2. Struggling to cut ties with people who were clearly only in your life to use you for something.
3. Holding onto negative emotions (anger, resentment, sadness) instead of acknowledging them and then letting them pass through you.
August
1. Feeling threatened by people with a similar talent level as you, instead of looking at them as people you could learn from and people who could make you better.
2. Not reminding yourself that humbleness, not pride, is one of the greatest contributors to growth.
3. Trying to do too many things at once, instead of giving yourself the mental rest and recharging that’s needed to do a couple of things really, really well.
September
1. Letting your negative self-talk have too much power, or even letting it have any power at all.
2. Thinking that your tendency to be overly critical of yourself was normal.
3. Searching for problems where there weren’t any, instead of trying to alter your way of thinking.
October
1. Spending too much time wanting to be generally liked by every person you encountered, even though that’s impossible.
2. Allowing yourself to be too easily influenced.
3. Not taking enough time for yourself to decompress and recharge without anyone else around.
November
1. Letting your jealousy have too much power over you.
2. Obsessing over trying to make everything perfect, instead of just trying to do your best work every single day.
3. Keeping your passions and goals secretive, instead of opening yourself up to support, encouragement, growth, and inspiration.
December
1. ‘Hoping for the best,’ but in a way where you were letting life happen to you instead of being active about it.
2. Convincing yourself that you always had to be the happy and upbeat one, even if you were sad or struggling.
3. Lying to friends and family and coworkers that you were ‘fine’ or ‘okay’ even if you weren’t.
January
1. Convincing yourself that expecting the worst was a ‘responsible’ way to think – even though that only bred more negative energy.
2. Not creating a healthy separation between your career and your personal life.
3. Not bothering to try something if there wasn’t a 100% chance (or close to it) that you’d succeed.
February
1. Letting your stubbornness negatively impact your relationships.
2. Convincing yourself that being emotionally detached was the safest and healthiest route.

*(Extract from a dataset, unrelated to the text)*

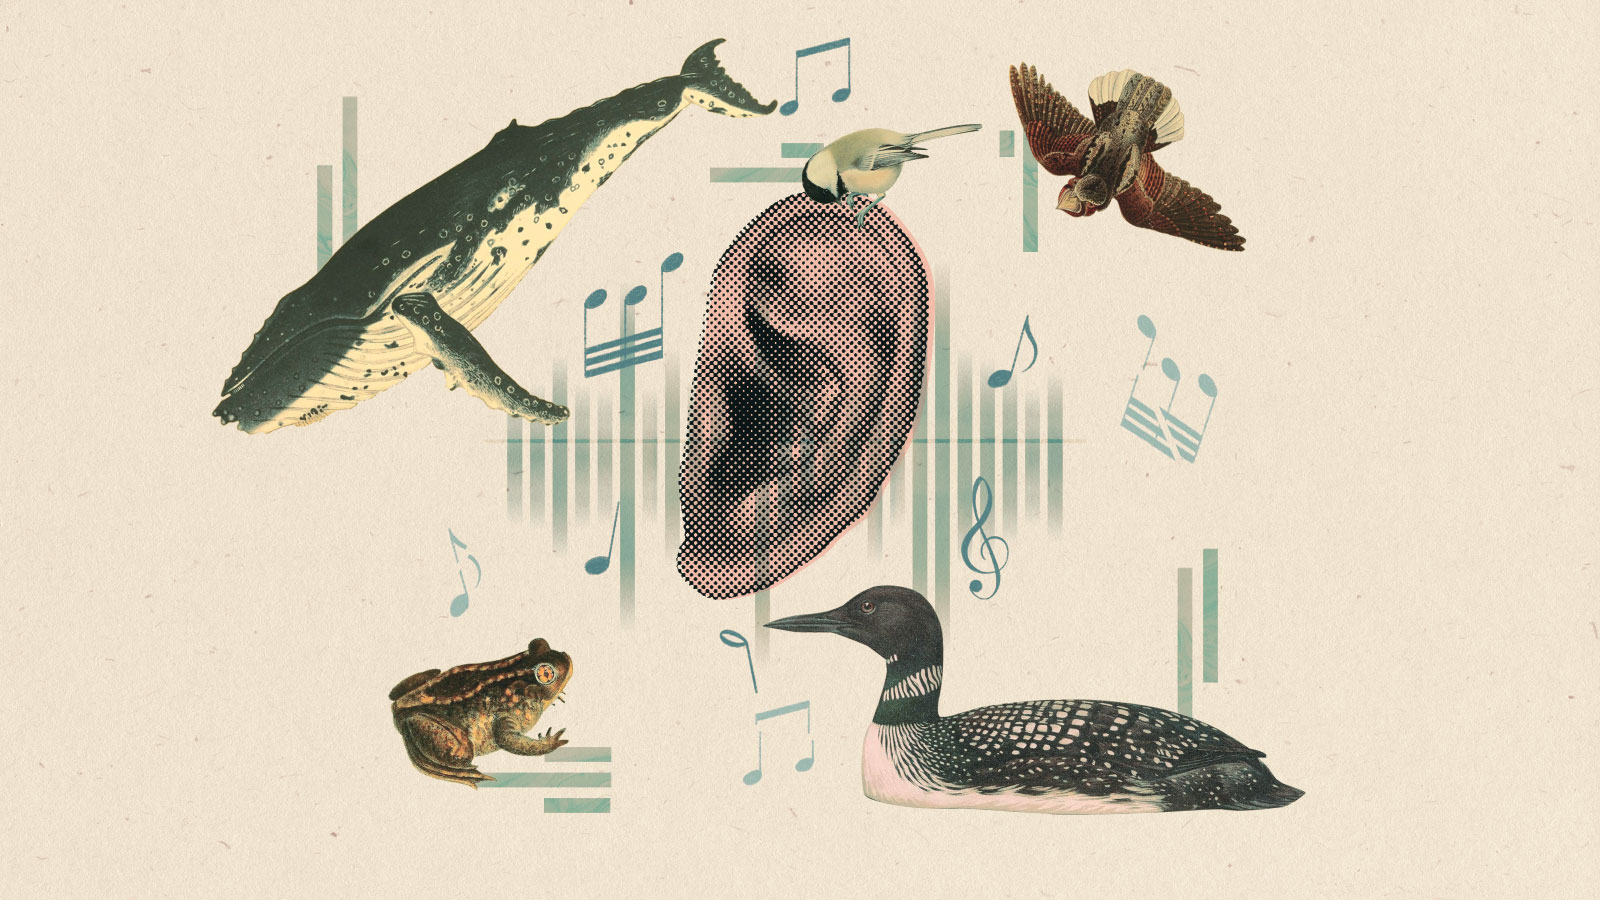 Collage: an ear surrounded by vintage illustrations of a chickadee, a whippoorwill, a loon, a toad, and a humpback whale, music notes, sound waves, and cutout bars of marbled texture

3. Confusing being ‘independent’ with being completely cut off from getting help or needing anyone for anything.
March
1. Distracting yourself with five other tasks or problems in order to avoid the one that actually needed addressing.
2. Only letting your imagination live inside of you, and not believing you could put things out into the real world (ideas, goals, art, thoughts) that were initially created in your brain.
3. Letting other people tell you how you should feel about your own life.